Warm-Started Reinforcement Learning for Iterative 3D/2D Liver Registration
Pith reviewed 2026-05-21 09:05 UTC · model grok-4.3
The pith
A warm-started reinforcement learning policy registers preoperative CT to laparoscopic video by choosing transformation steps and a stopping point automatically.
A machine-rendered reading of the paper's core claim, the machinery that carries it, and where it could break.
Core claim
Formulating CT-to-video registration as a sequential decision process with a shared warm-started encoder and an RL policy head that outputs discrete six-degree-of-freedom actions plus a stop action produces alignments whose final target registration error is comparable to optimized supervised baselines while eliminating the need to choose step sizes or iteration counts by hand.
What carries the argument
A shared feature encoder warm-started from a supervised pose-estimation network whose output is fed to an RL policy head that selects discrete rigid transformations along six degrees of freedom and decides when to terminate the registration sequence.
If this is right
- Registration becomes fully automatic once the policy is trained, removing the requirement to select step sizes or stopping criteria for each new case.
- The learned policy converges faster than non-warm-started alternatives on the same data.
- The discrete-action formulation supplies a direct starting point for later extensions to continuous actions or deformable models.

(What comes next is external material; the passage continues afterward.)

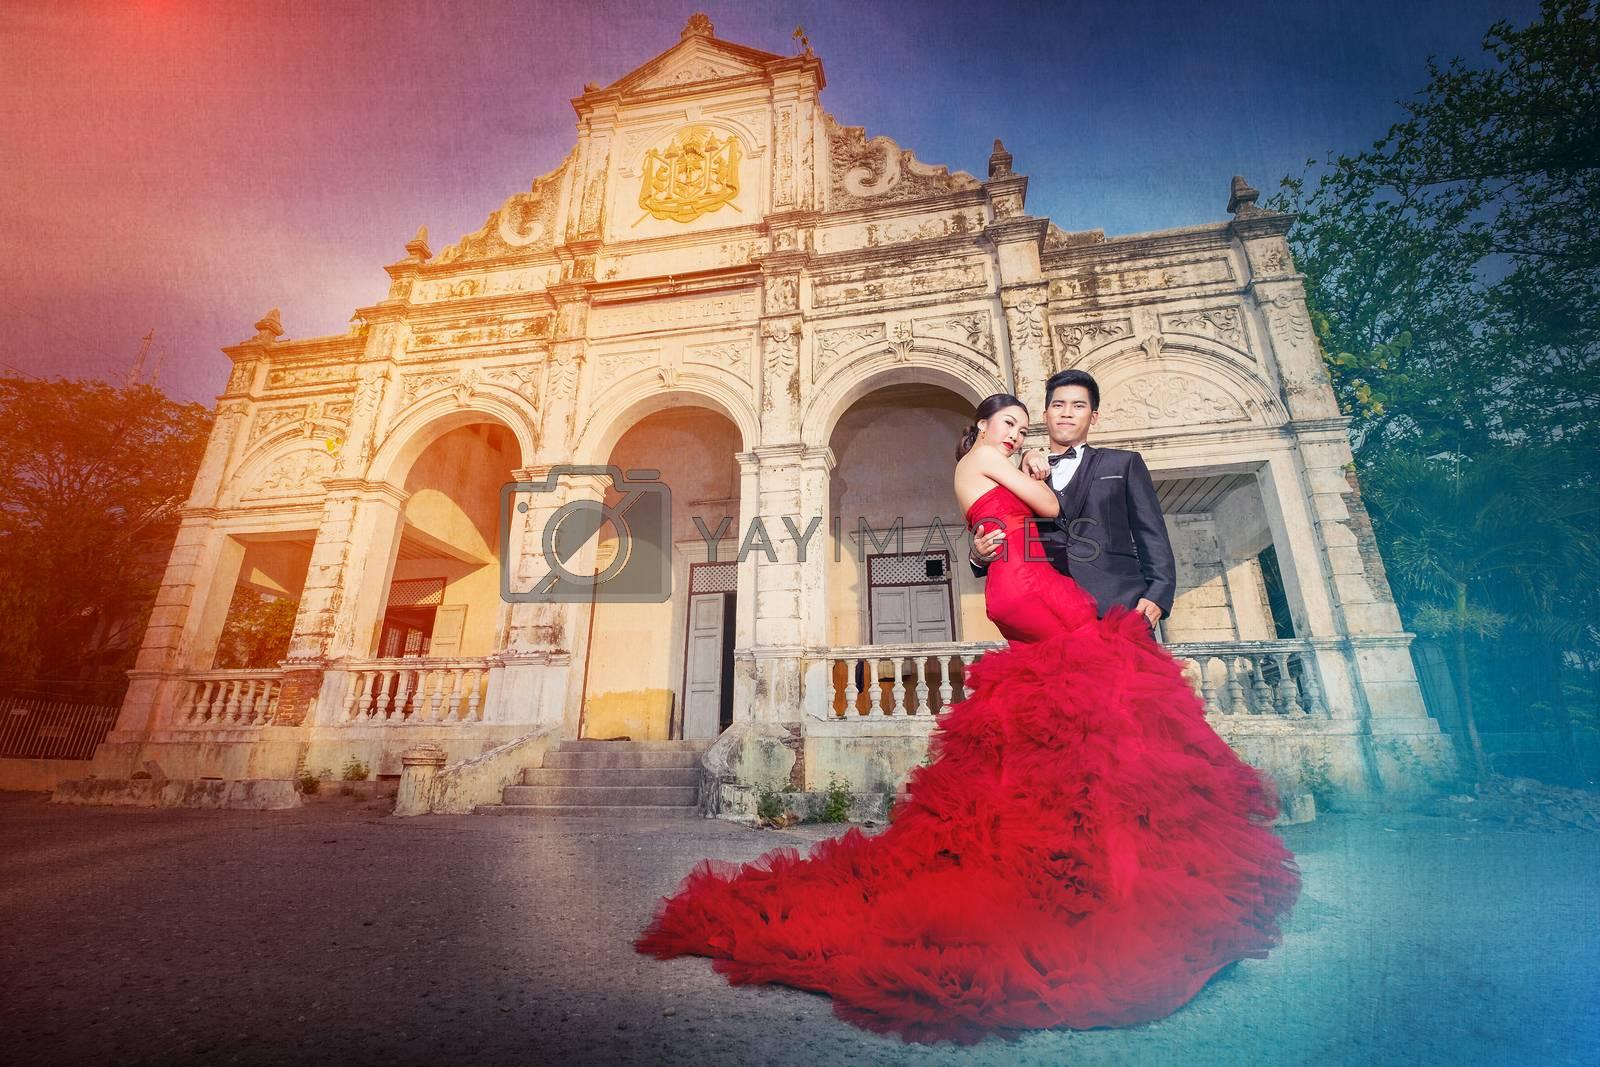 Man and Beautyful woman wearing fashionable red dress

- Accuracy remains within the range reported for supervised methods that still apply separate optimization refinement.
Where Pith is reading between the lines
- The same warm-start strategy could be tested on other rigid-registration problems where supervised pose networks already exist.
- If the stopping decision generalizes across patients, the method could reduce the need for per-case parameter tuning in operating-room software.
- Replacing the discrete action space with a learned continuous controller might further improve final alignment without changing the warm-start backbone.
Load-bearing premise
The warm-started encoder supplies sufficiently stable geometric features for the reinforcement-learning policy to learn useful transformation steps and a reliable stopping rule.
What would settle it
An ablation in which the same RL policy head is trained from random initialization instead of the supervised warm-start and still reaches the same final TRE and convergence speed on the identical public dataset.
read the original abstract
Registration between preoperative CT and intraoperative laparoscopic video plays a crucial role in augmented reality (AR) guidance for minimally invasive surgery. Learning-based methods have recently achieved registration errors comparable to optimization-based approaches while offering faster inference. However, many supervised methods produce coarse alignments that rely on additional optimization-based refinement, thereby increasing inference time. We present a discrete-action reinforcement learning (RL) framework that formulates CT-to-video registration as a sequential decision-making process. A shared feature encoder, warm-started from a supervised pose estimation network to provide stable geometric features and faster convergence, extracts representations from CT renderings and laparoscopic frames, while an RL policy head learns to choose rigid transformations along six degrees of freedom and to decide when to stop the iteration. Experiments on a public laparoscopic dataset demonstrated that our method achieved an average target registration error (TRE) of 15.70 mm, comparable to supervised approaches with optimization, while achieving faster convergence. The proposed RL-based formulation enables automated, efficient iterative registration without manually tuned step sizes or stopping criteria. This discrete framework provides a practical foundation for future continuous-action and deformable registration models in surgical AR applications.
Editorial analysis
A structured set of objections, weighed in public.
Referee Report
Summary. The manuscript introduces a discrete-action reinforcement learning framework for iterative 3D/2D registration of preoperative CT to intraoperative laparoscopic video for liver AR guidance. A shared feature encoder is warm-started from a supervised pose estimation network to extract geometric representations from CT renderings and video frames; an RL policy head then selects rigid 6DoF transformations and learns an automated stopping criterion. Experiments on a public laparoscopic dataset report an average target registration error (TRE) of 15.70 mm, claimed to be comparable to supervised methods that include optimization-based refinement while achieving faster convergence without manual step-size or stopping tuning.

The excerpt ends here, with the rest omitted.